Também se procederá à limpeza e ao registo de alguns segmentos amuralhados que integram os dois referidos recintos fortificados, bem como serão realizadas novas prospeções arqueológicas.

Além disso, intervencionar-se-á também o local de entrada para o recinto fortificado superior, e prevê-se ainda a concretização de uma sondagem arqueológica na designada “plataforma pré-histórica”.

No seu conjunto, estes trabalhos de investigação arqueológica, que decorrerão até ao fim de Agosto, irão transformar profundamente o conhecimento do mais remoto passado monchiquense.

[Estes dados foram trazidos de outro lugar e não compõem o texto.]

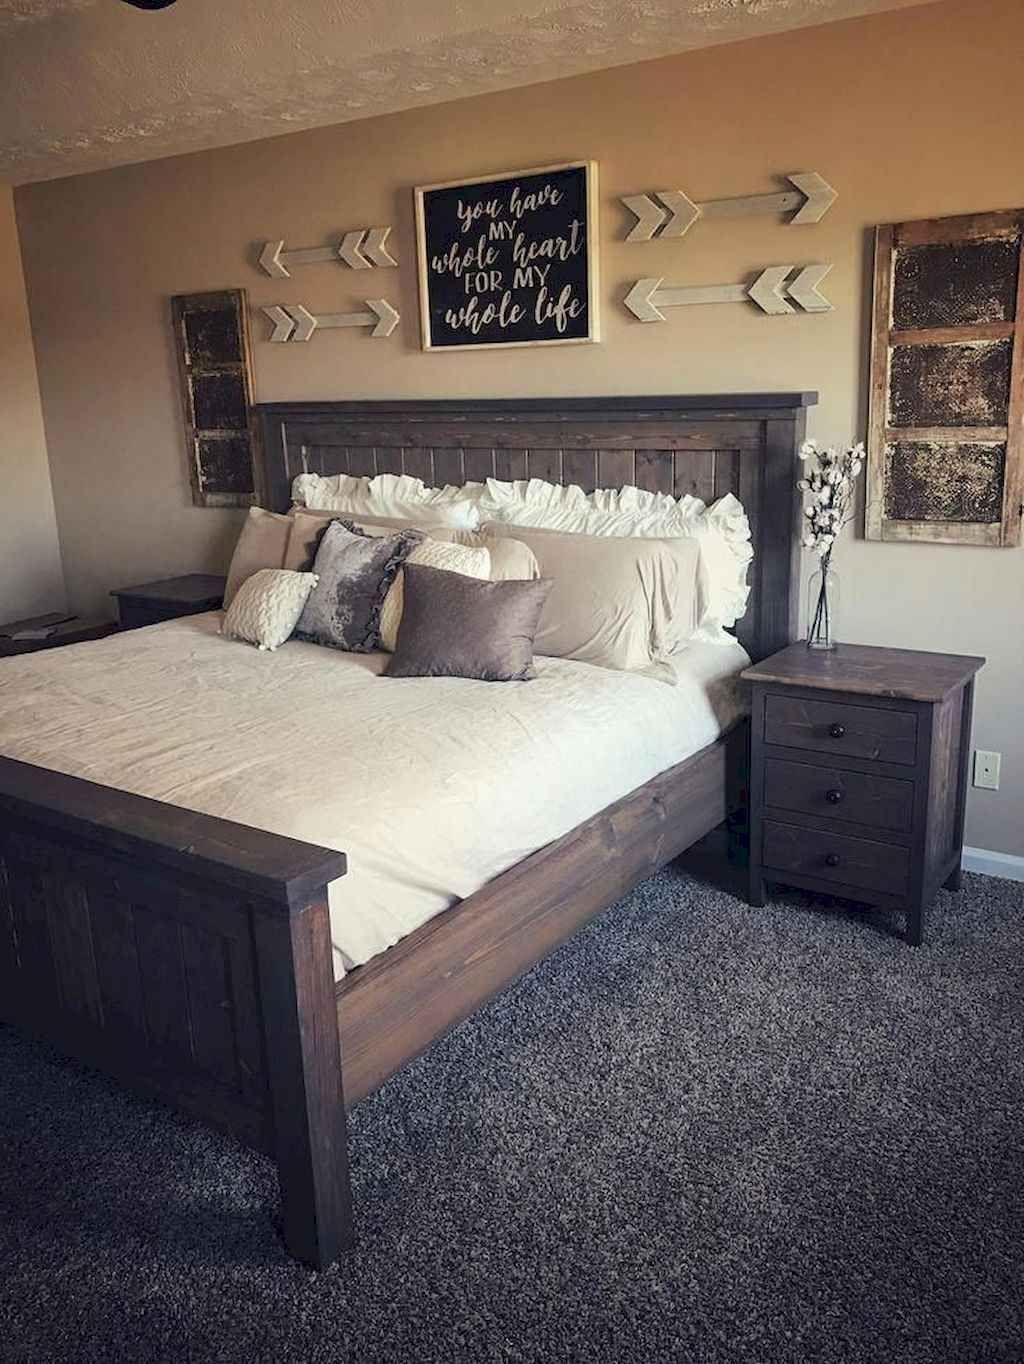 25 Inviting And Cozy Farmhouse Bedroom (The Visual Treats) - A18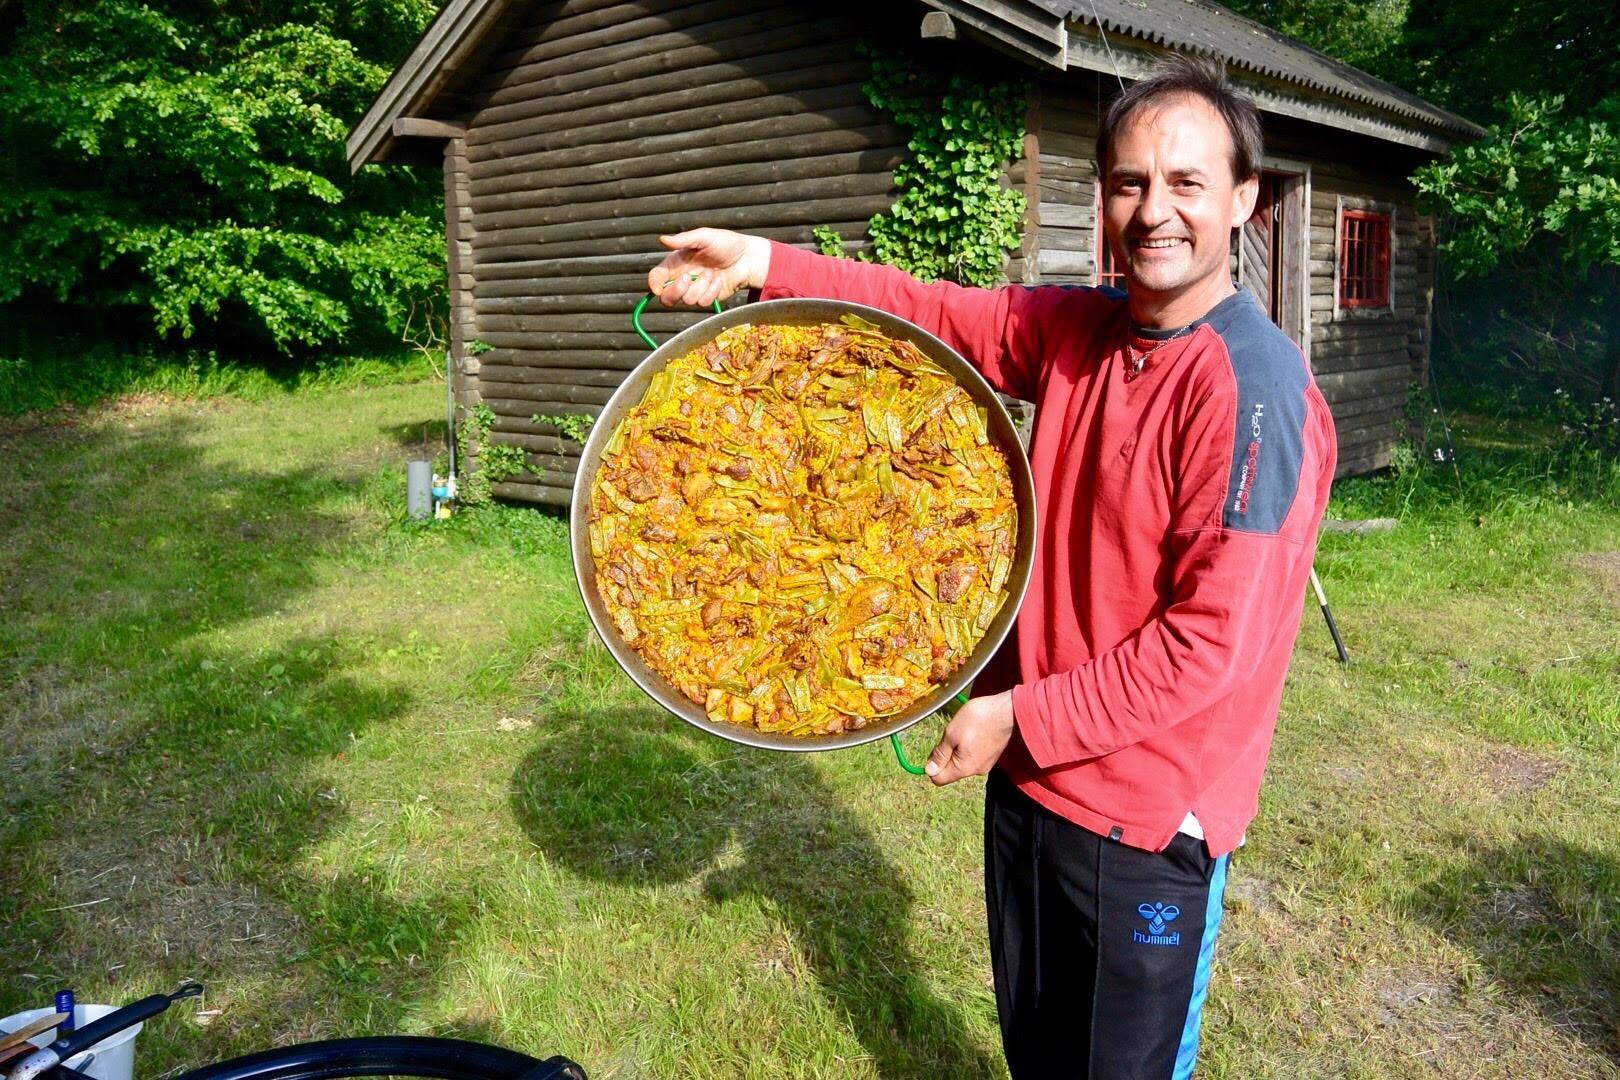 Luis (kokken) i fuld gang med den spanske mad (tapas, paella), som vi skulle hygge os med inden det gik helt i fisk!

A sua importância objetiva suscitou já o interesse de várias outras entidades, nacionais e estrangeiras, em se associarem a estes projetos de investigação e na sua prossecução em diversas modalidades.

 

Aspeto do tramo de muralha no setor oeste do recinto fortificado superior do Castelo de Alferce

A Universidade de Gotemburgo, na Suécia, onde está a funcionar um projeto internacional de estudo do megalitismo, intitulado “Neolithic Seafaring and Maritime Technologies Shaped a New World of Megalithic Societies”, financiado pelo European Research Council da União Europeia, irá realizar diversas análises laboratoriais sobre os objetos a recuperar nas escavações dos túmulos pré-históricos, em colaboração com a universidade algarvia, e outras colaborações internacionais encontram-se neste momento a ser projetadas.

Também a Archaeological Association of Algarve decidiu subvencionar estes trabalhos, apoiando diretamente as despesas relacionadas com a estadia dos numerosos colaboradores voluntários nestes trabalhos, que reúnem estudantes de todos os ciclos de ensino superior de universidades portuguesas, espanholas e suecas. Estes trabalhos constituem-se assim, na prática, como campos-escola que cumprem portanto também um importante papel formativo.

A autarquia, porém, não quer ver esse passado “confinado” ao meio científico. Para além do natural contacto entre os participantes e as populações locais, estão também previstas outras ações de divulgação junto dos munícipes.

Entre estas, terá lugar a realização de “dias abertos”. Isto é, dias em que qualquer interessado se pode deslocar às escavações e obter, de viva voz por parte dos responsáveis, os esclarecimento que desejar sobre estes sítios arqueológicos e a sua importância patrimonial e histórica.

Nas páginas do Sul Informação, continuarão também a publicar-se proximamente notícias sobre o andamento e resultados de todos estes trabalhos.